Remember, here are the Tools in the Owelty Documents Tool Kit
The Divorce Decree
The Owelty Deed of Trust
The Special Warranty Deed with Encumbrance for Owelty of Partition
The Owelty Real Estate Lien Note
The Release of Owelty Lien
The Proceeds Allocation Letter
The Check Written to You ?
Brief Lien Theory and Practice
When the Owelty Deed of Trust and the Special Warranty Deed with Encumbrance for Owelty of Partition are filed, a lien is placed against the property.
Part of the genius of any lien is that, for that property to transact in any way – by refinancing its debt with a new first lien mortgage or by conveying ownership interest to another party as in a sale – all liens must be satisfied. That is, they must be paid in full or must be resubordinated to a new lien in first position. [There are partial releases for instances like new construction but that does not concern us here.]
Since I finance so many of these Owelty liens immediately after final divorce, it could be easy to forget that many people do not finance them but leave them in place until a fixed or unknown date in the future.
- The divorce settlement may have required installment payments over time to the party whose interest is being bought out.
- There may be no payment scheme but a straightforward placement of the lien with the expectation that later, when the property sells, they will receive cash for their Owelty interest in the property.
Short “rabbit trail”
There are some issues with both scenarios.

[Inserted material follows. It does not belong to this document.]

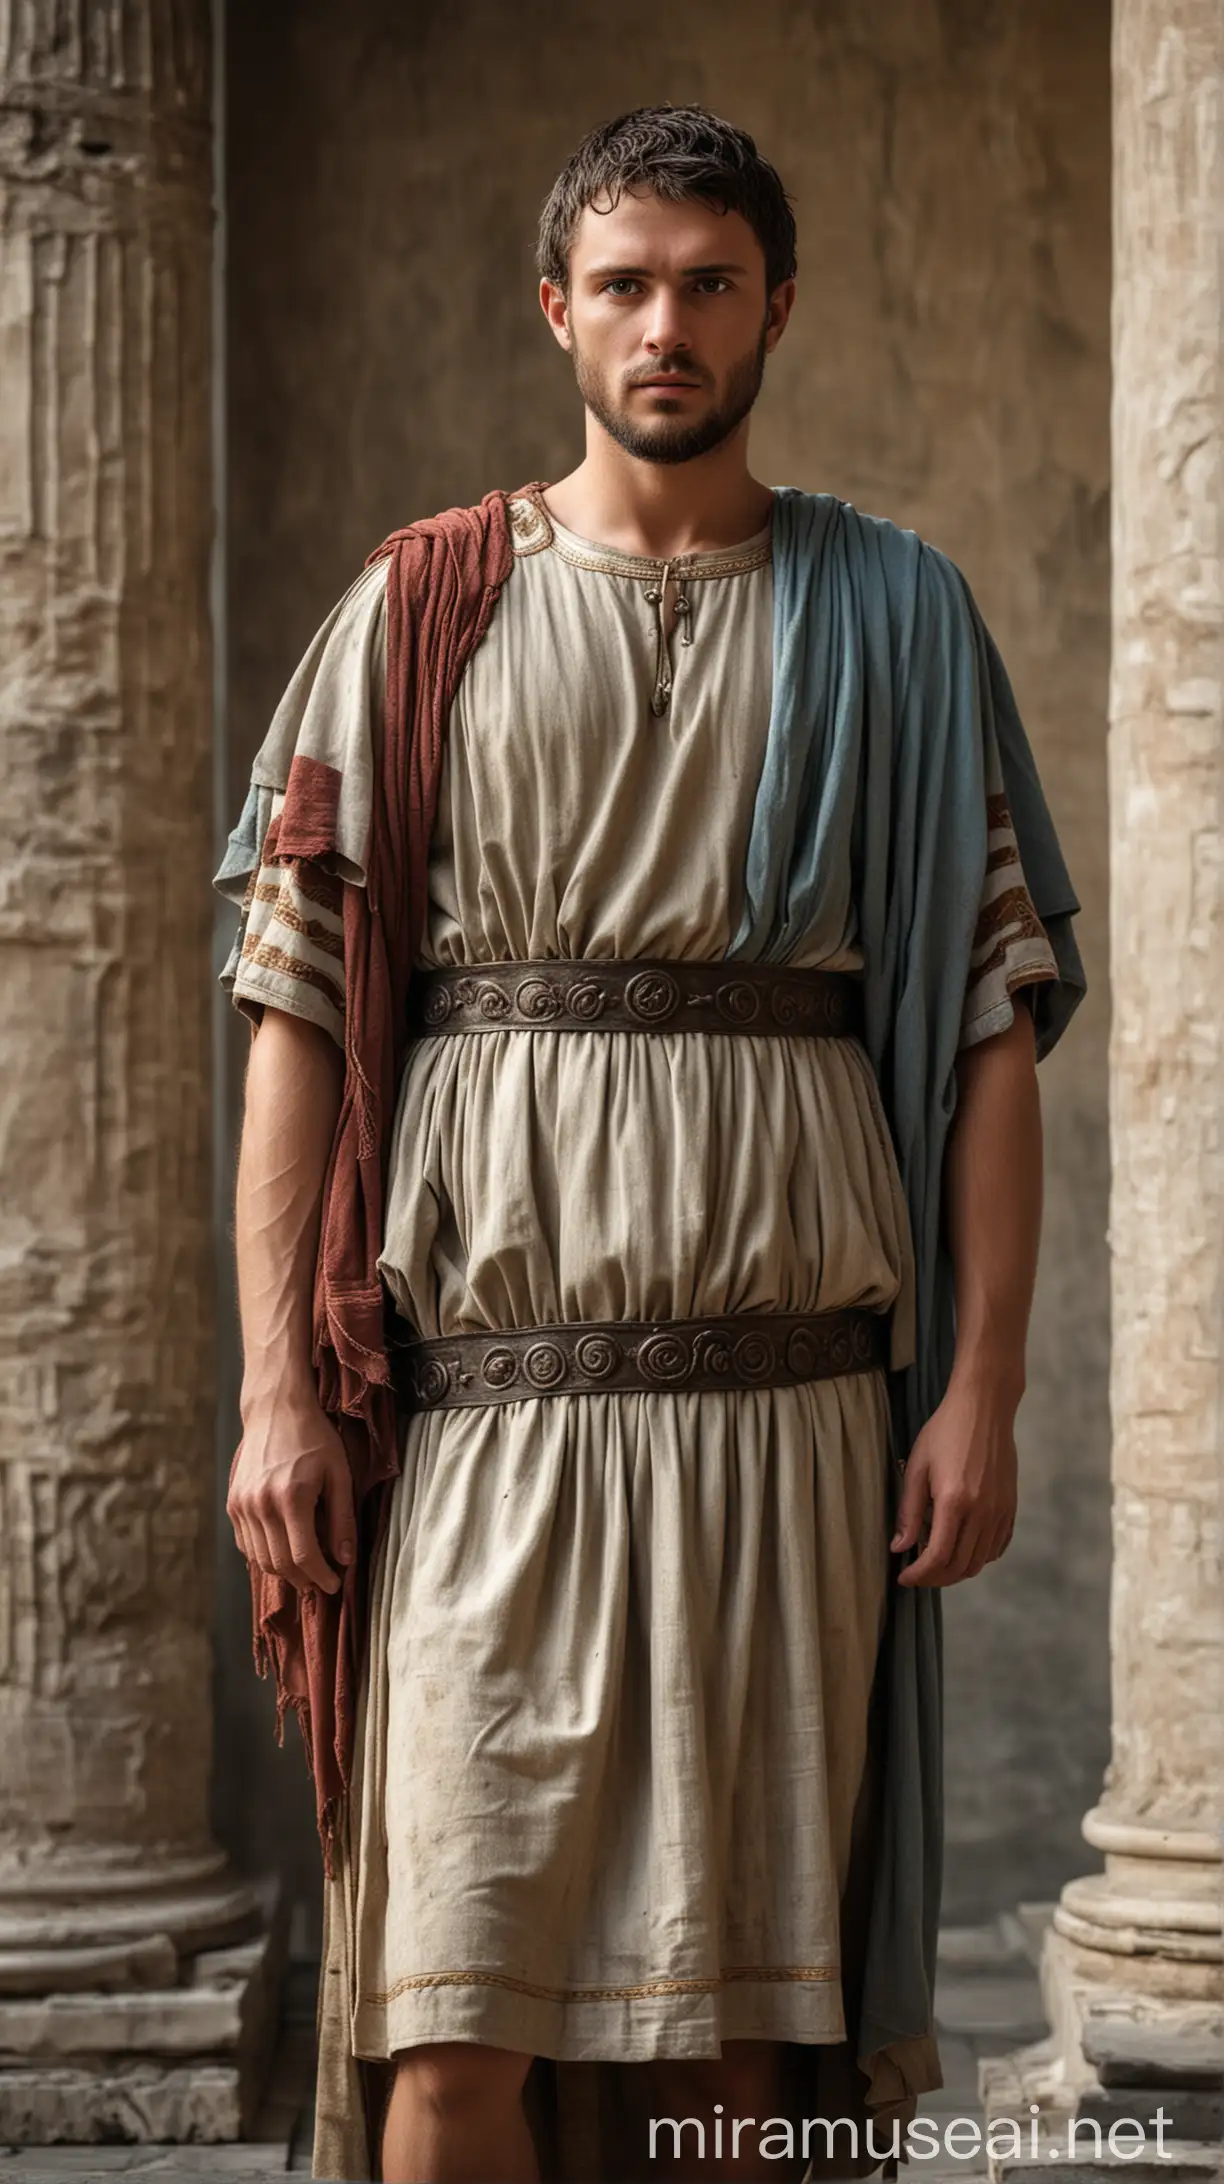 A portrait of Quartus, an early Christian, dressed in simple ancient Roman clothing, with a serene expression, standing against a backdrop of the 1st century AD." In ancient world

It’s clear from my work and my writings that I believe there are more advantages to immediately satisfying that Owelty lien rather than waiting until some point in the future to pay for it. But, there is no need to belabor the point herein – only to make it one more time.
Then, there is the hybrid. All sorts of variations of these two scenarios have been concocted and written into divorce decrees.
A common variation is when the departing party wishes to receive half of the proceeds (or some fixed percentage) in a future sale of the property and wants to secure it with an Owelty lien.
One way to accomplish that is to simply write in the decree what the net proceeds split will be, leave both parties on title (with neither conveying interest to the other – which means there can be no Owelty which requires conveyancing), those parties are the sellers in the transaction. This can create conflict since sellers must agree on terms of sale, etc. They got divorced for a reason. So, that’s generally not advisable.
Another way to accomplish that goal is for the departing party to convey his/her interest for Owelty but not set a dollar amount. This is likewise tricky and invites a lack of clarity. For one thing, an Owelty is a lien and it requires a dollar amount to satisfy it. Lenders can tell you to the day how much is owed on the debt (secured by a vendor’s lien). Daily interest accrues, and it must be paid or overpaid. I’ve seen people get fancy with this because they want two things – secure interest for the obtaining of dollars and the chance to take advantage of increasing values of the home they are leaving.
Clients may try to “work the system;” but, the more nuanced a buyout is, the more difficult it will be to determine dollar amounts at the time when dollars are needed.
Shortcut to smart divorcing and smart buyouts
DO THIS INSTEAD (when you can):
-Agree to a buyout price in the divorce.
-Talk to me about financing it -BEFORE final divorce.
-Follow my recommendation for structuring the Owelty lien.
-Close the loan.
———-And, I’ll take care of making sure lien is released.
Back to the Release of Lien.
When people do not immediately (or soon) finance and pay an ex-spouse for their Owelty interest but agree that payment will be made later, they often forget the technicalities of releasing liens. It’s really very simple. But, one had best leave it to the professionals.
Here’s what family law attorneys need to tell their clients who may be paying Owelty interest to an ex-spouse sometime in the future:
The person who pays or satisfies their ex-spouse’s Owelty interest must do TWO THINGS:
- Have their ex-spouse execute a Release of Lien
- Make sure that Release is precisely prepared, or it will not actually release the lien;
- Releasing the “note” is not the same as releasing the lien – it’s helpful to show that the note has been paid but that’s the mere evidence that authorizes a demand for release of lien; and,
- File that release in property records of the county in which the property is located (almost certainly the same county in whose courts the divorce was granted).
- A verbal promise from the ex that “everything is okay now” IS NOT A RELEASE OF LIEN.
- An ex-spouse’s signature on a receipt IS NOT A RELEASE OF LIEN.
- A form you found on line will not have the required information and IS NOT A RELEASE OF LIEN.
- A Quit Claim deed is useless in this regard and IS NOT A RELEASE OF LIEN.
If the Owelty lien is not released, when it comes time to sell the property or refinance it, that ex-spouse will have to be found and will have to release the lien. They could demand payment (again) and if the obligor cannot prove that they have paid, they would be “up the creek.” Even in the best of situations – and why would a divorced home owner count on the best of situations??? – it would be a bothersome exercise and could delay or even kill a transaction.